Patient and control samples

One of the SPAST deletions investigated here in detail involves two internal exons (family N-16), whereas the other involves the four immediate 3′ exons (family D-W). These deletions have been reported as ex10–12del and ex13–16del previously, and had been identified by cDNA analysis and by multiplex ligation-dependent probe amplification, respectively.12, 13 DNA from multiple family members, including affected as well as unaffected individuals, was available for family D-W, whereas only the index case could be analyzed for family N-16. A total of 118 anonymised genomic DNAs from unrelated individuals were obtained from the Department of Human Genetics of Jena University Hospital, and, following approval by the local ethics committee, used to estimate the general frequency of a critical haplotype at the SPAST locus.

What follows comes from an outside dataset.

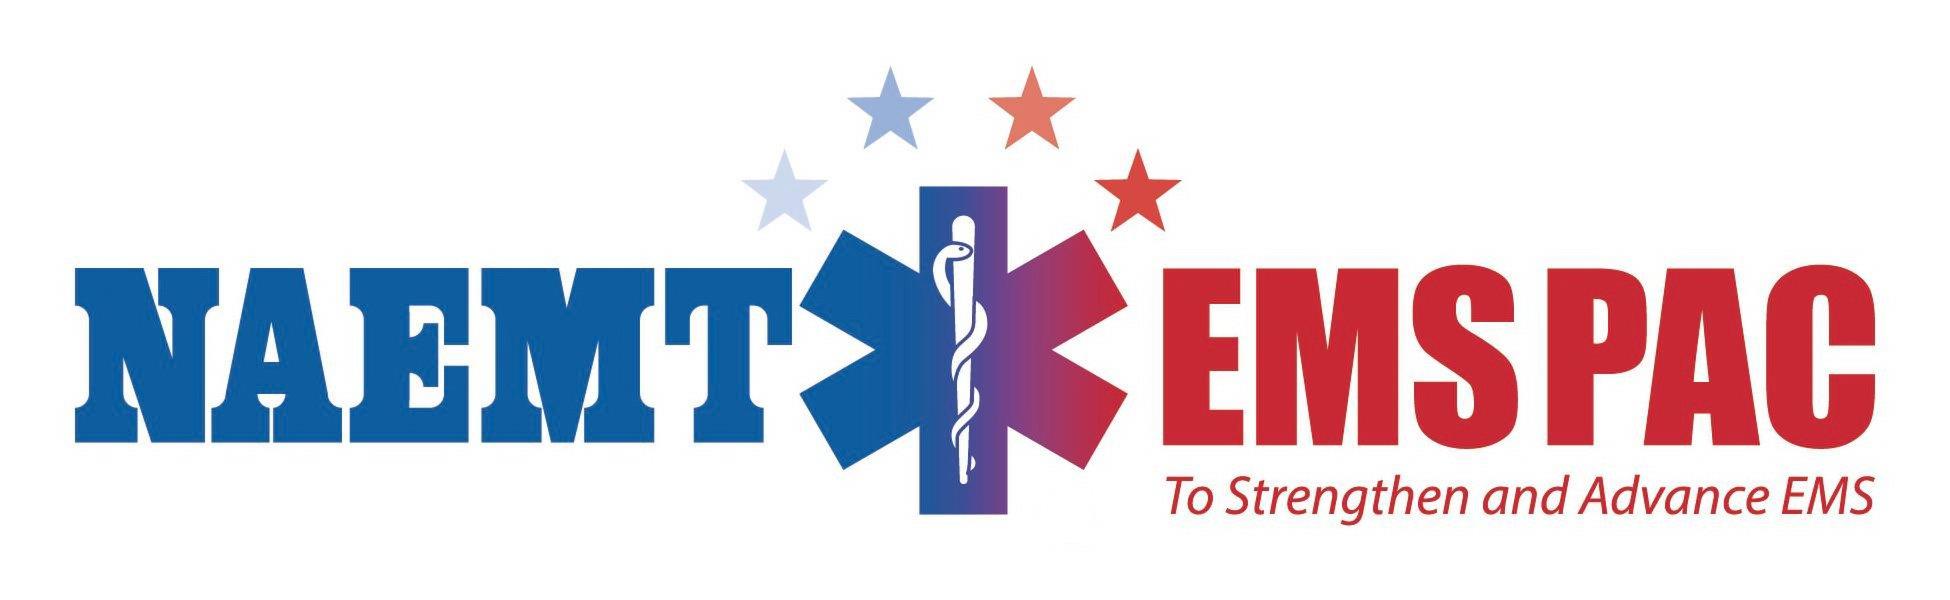  NAEMT EMSPAC TO STRENGTHEN AND ADVANCE EMS
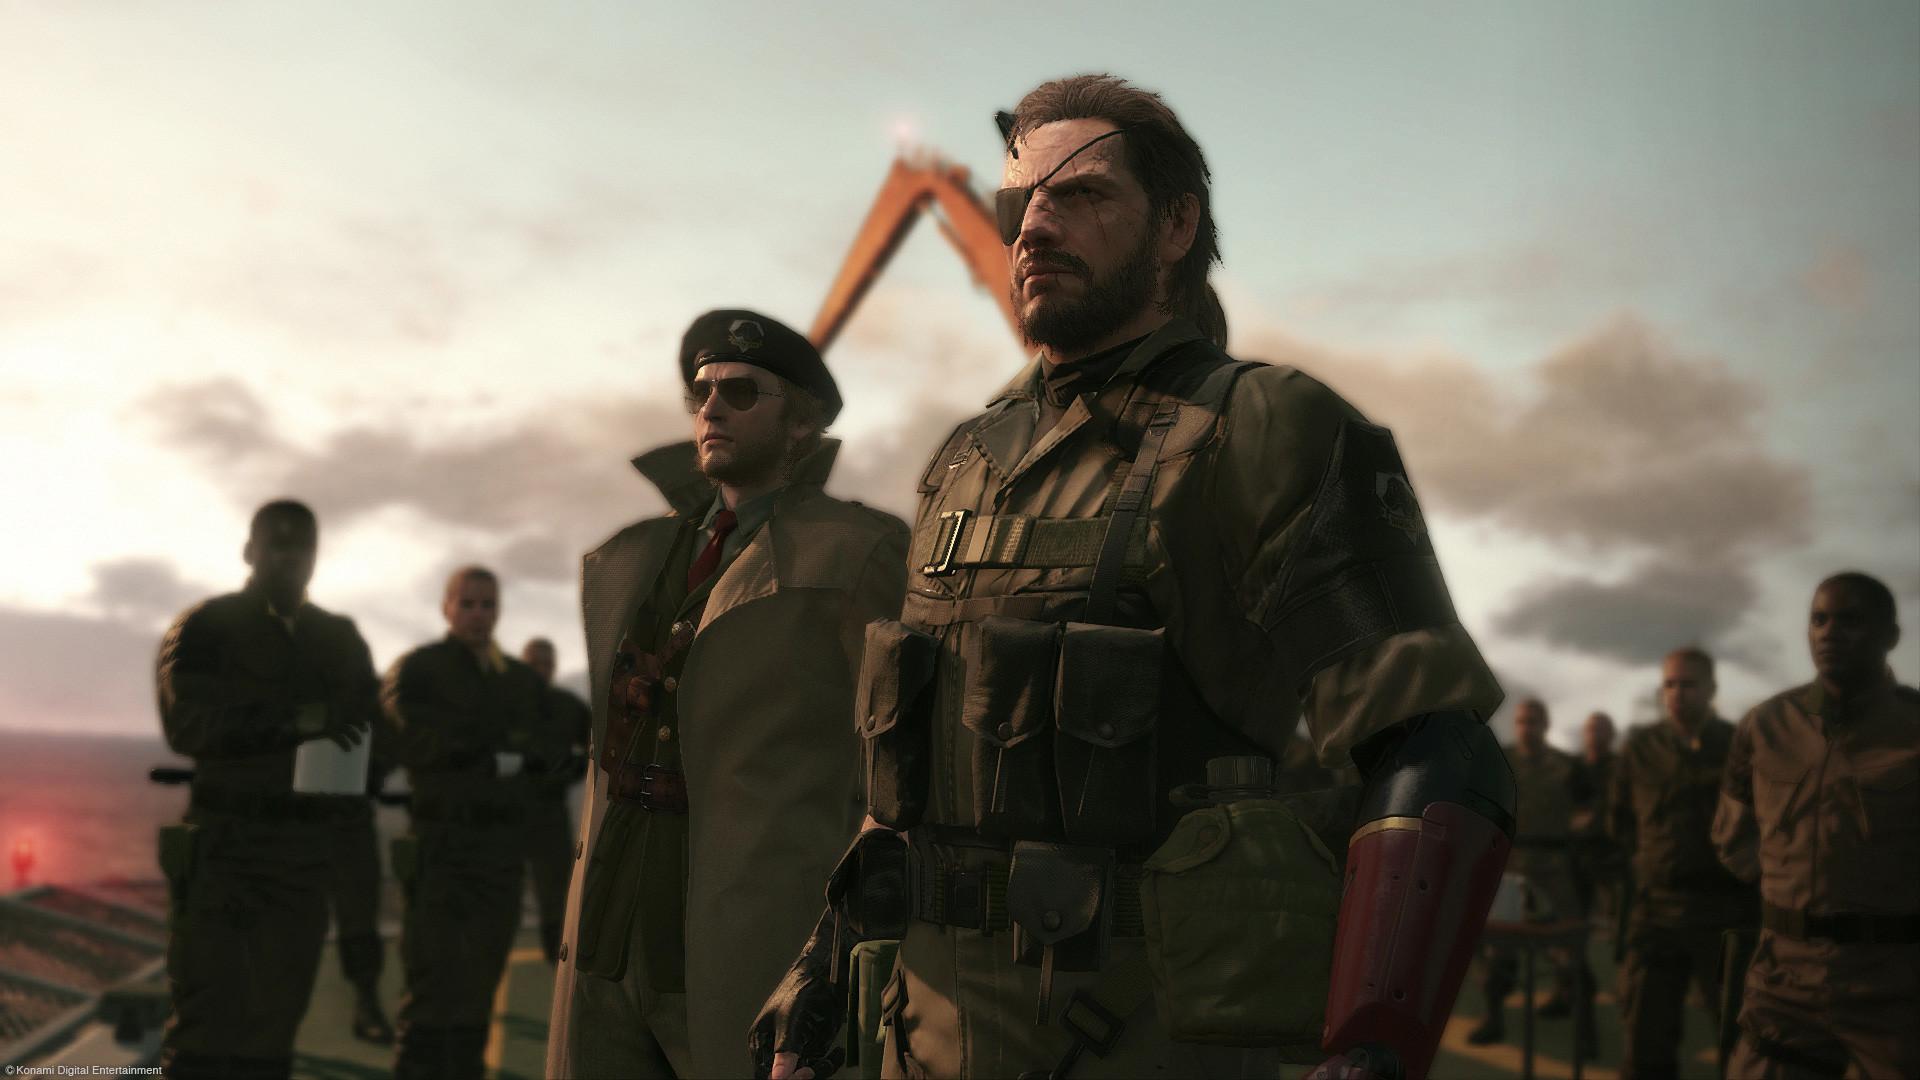 Metal Gear Solid V The Phantom Pain release date is set for September

Long-range PCR and sequencing

The SPAST genomic sequence was downloaded from the UCSC genome browser (https://genome.ucsc.edu/) with common SNPs (dbSNP 142), repeats, and exons highlighted (exons according to NM_014946.3). The introns presumed to harbor the breakpoints were targeted with sets of primers that avoided SNPs and repeats, and that showed a spacing of 1–2 kb. Candidate deletion-specific products were confirmed, narrowed, and eventually sequenced from both sides, with additional internal primers. The two variants resolved at sequence level by the present study have been submitted to a publicly funded variant database (http://databases.lovd.nl/shared/variants/SPAST; patient IDs 00056433 and 00057909). All primer sequences are available upon request.

Haplotyping

The SPAST genomic sequence ±1 MB was searched for potentially polymorphic di- and trinucleotide repeats, using the microsatellite display option of the USCS genome browser. Intragenic SNPs with minor allele frequencies >0.4 were identified in dbSNP (http://www.ncbi.nlm.nih.gov/SNP/). Microsatellite alleles as amplified by PCR were visualized on a sequencing type polyacrylamide gel (LICOR Biosciences, Lincoln, NE, USA); SNPs were investigated by direct sequencing of purified PCR products. Detailed information regarding the markers finally applied is provided in Supplementary Figure 1.

Results

Two intragenic SPAST deletions that involve distinct exons carry distinct insertions at their sites of fusion

Long-range PCR utilizing appropriate combinations of forward and reverse primers identified sample-specific products that were considered good candidates for harboring the fusion sequences (not shown). Additional primers narrowed the regions of interests to analyzable size (Figure 1a). Direct sequencing revealed that the more 5′ deletion affected 4365 bp (nucleotides 77 798–82 162 in NG_008730.1) and was accompanied by a 15 bp insertion (Figure 1b′). In the more 3′ deletion, 7095 bp were deleted (nucleotides 82 179–89 273 in NG_008730.1) and 255 bp inserted (Figure 1b′′). Conventional interpretation would regard these variants as resulting from distinct, unrelated insertion–deletion events (Figures 1c′–c′′).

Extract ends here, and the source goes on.